Required action
Beginning with the line that holds "March 2019 Printable", copy every remaining line of the listing below exactly, and leave the pictures out.
= Beginning of Section =
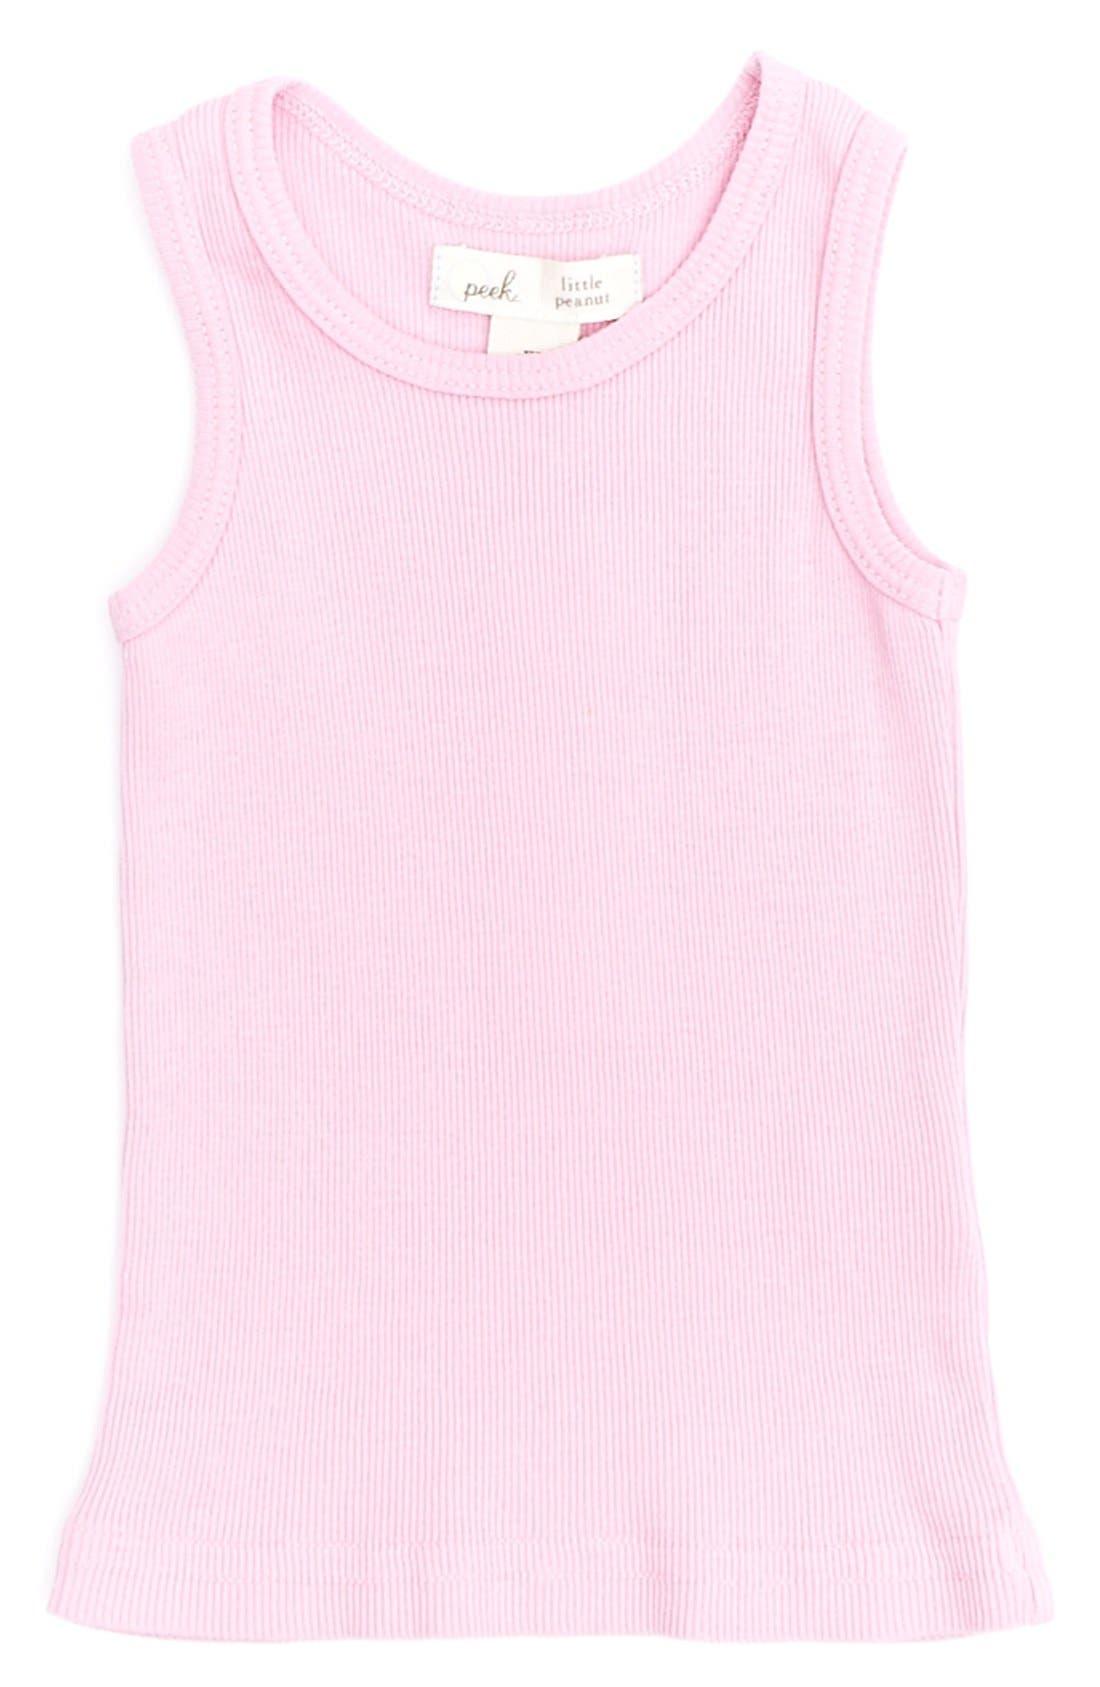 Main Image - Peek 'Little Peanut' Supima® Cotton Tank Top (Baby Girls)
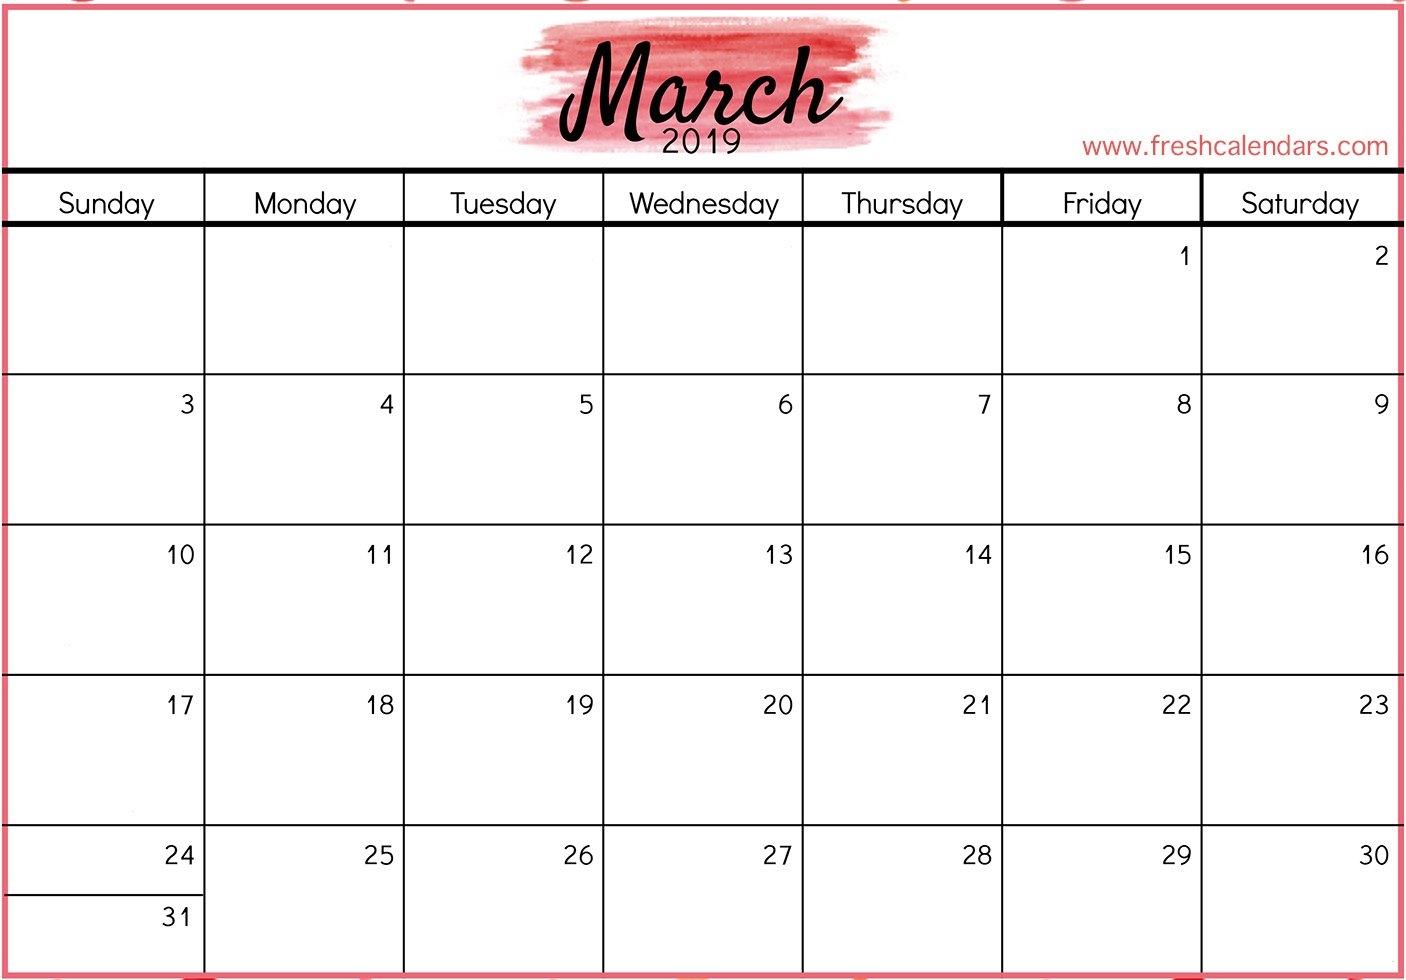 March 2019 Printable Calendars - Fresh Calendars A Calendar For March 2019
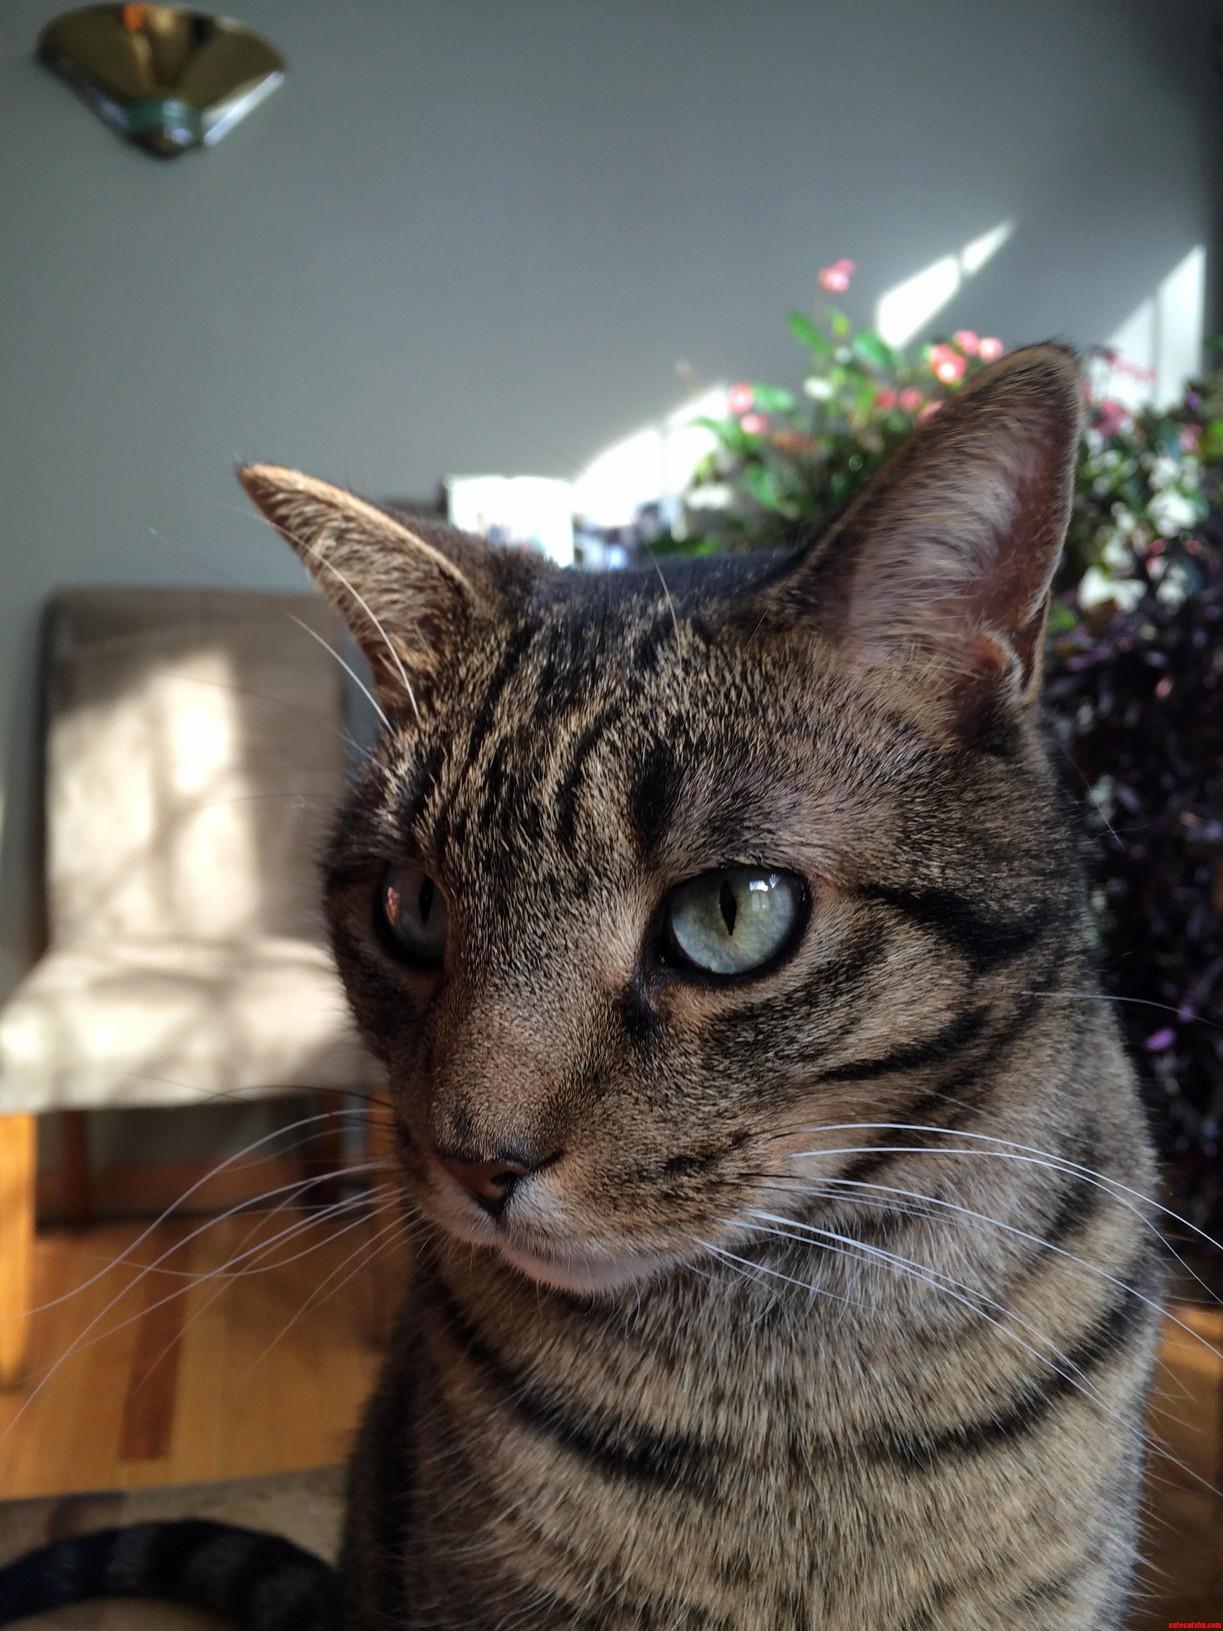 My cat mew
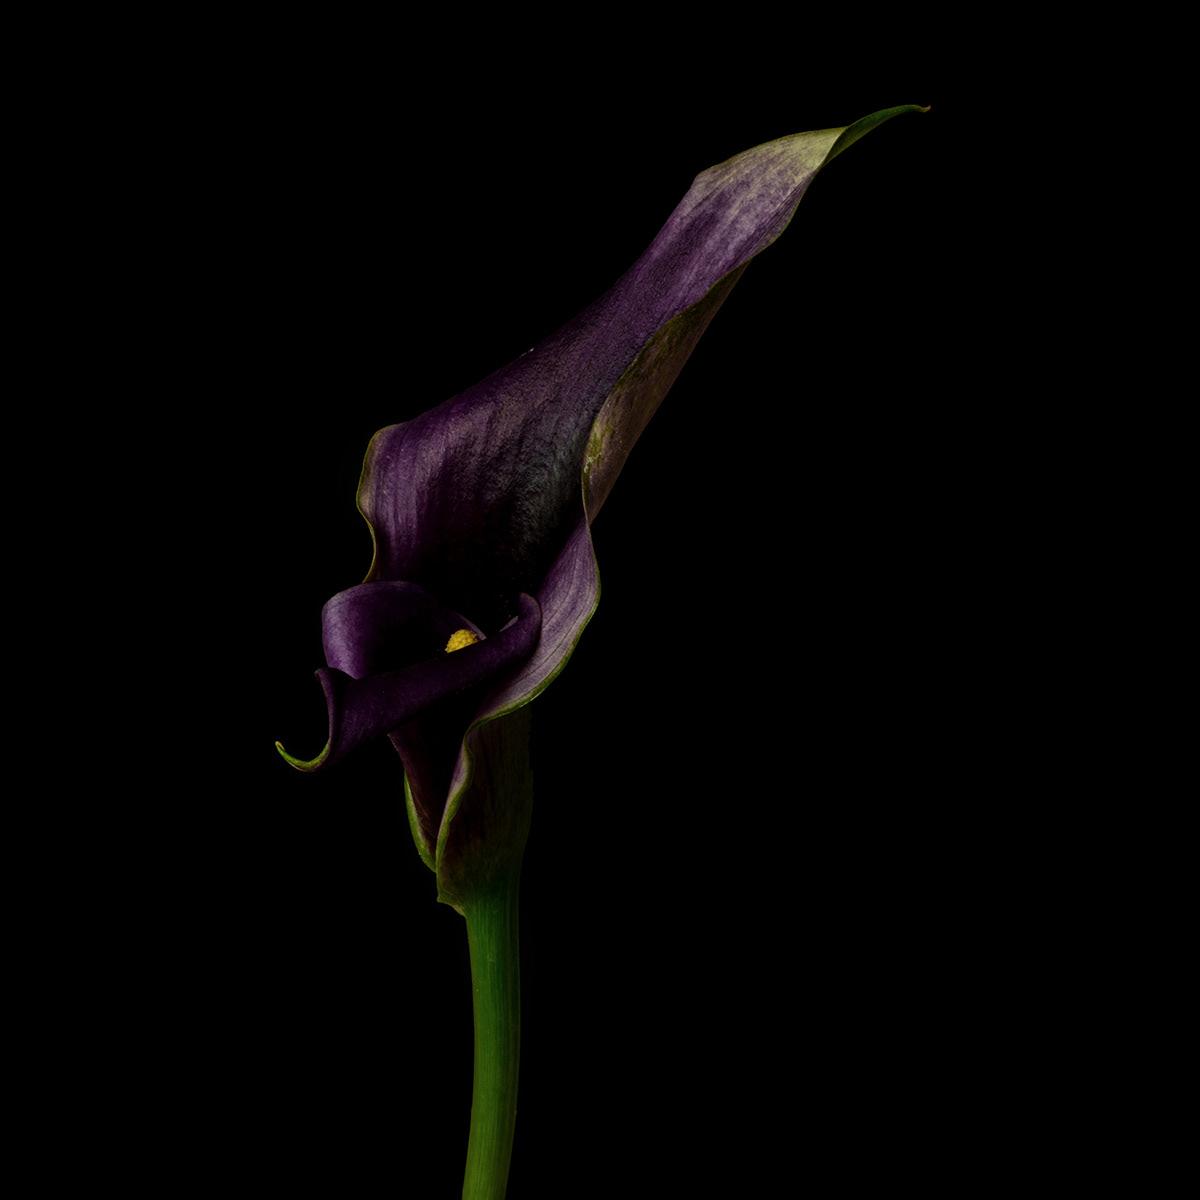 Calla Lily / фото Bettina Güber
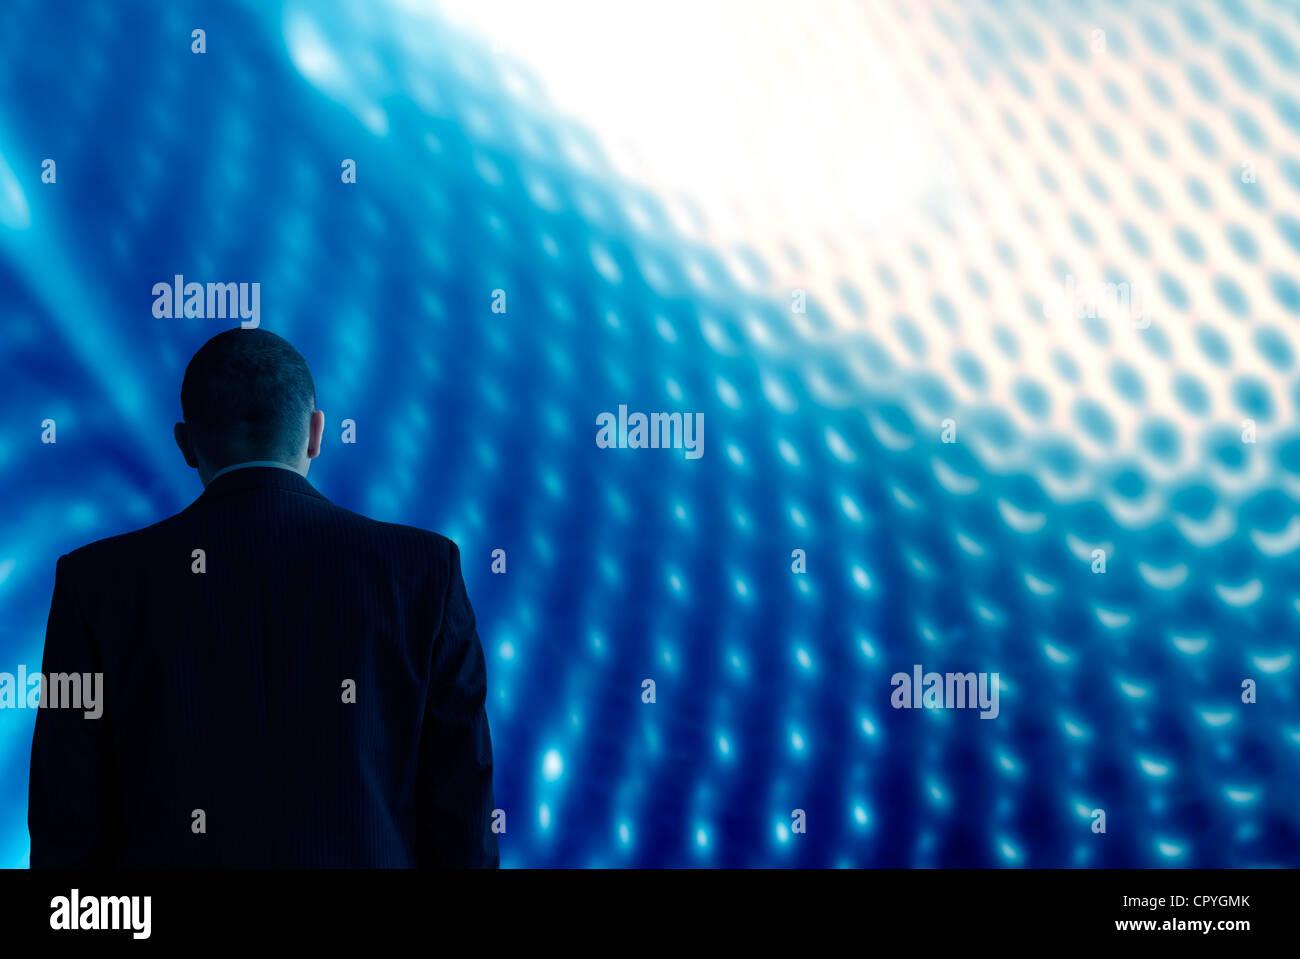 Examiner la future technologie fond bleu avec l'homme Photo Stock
= End of Section =
The answer
 March 2019 Printable Calendars - Fresh Calendars A Calendar For March 2019
 My cat mew
 Calla Lily / фото Bettina Güber
 Examiner la future technologie fond bleu avec l'homme Photo Stock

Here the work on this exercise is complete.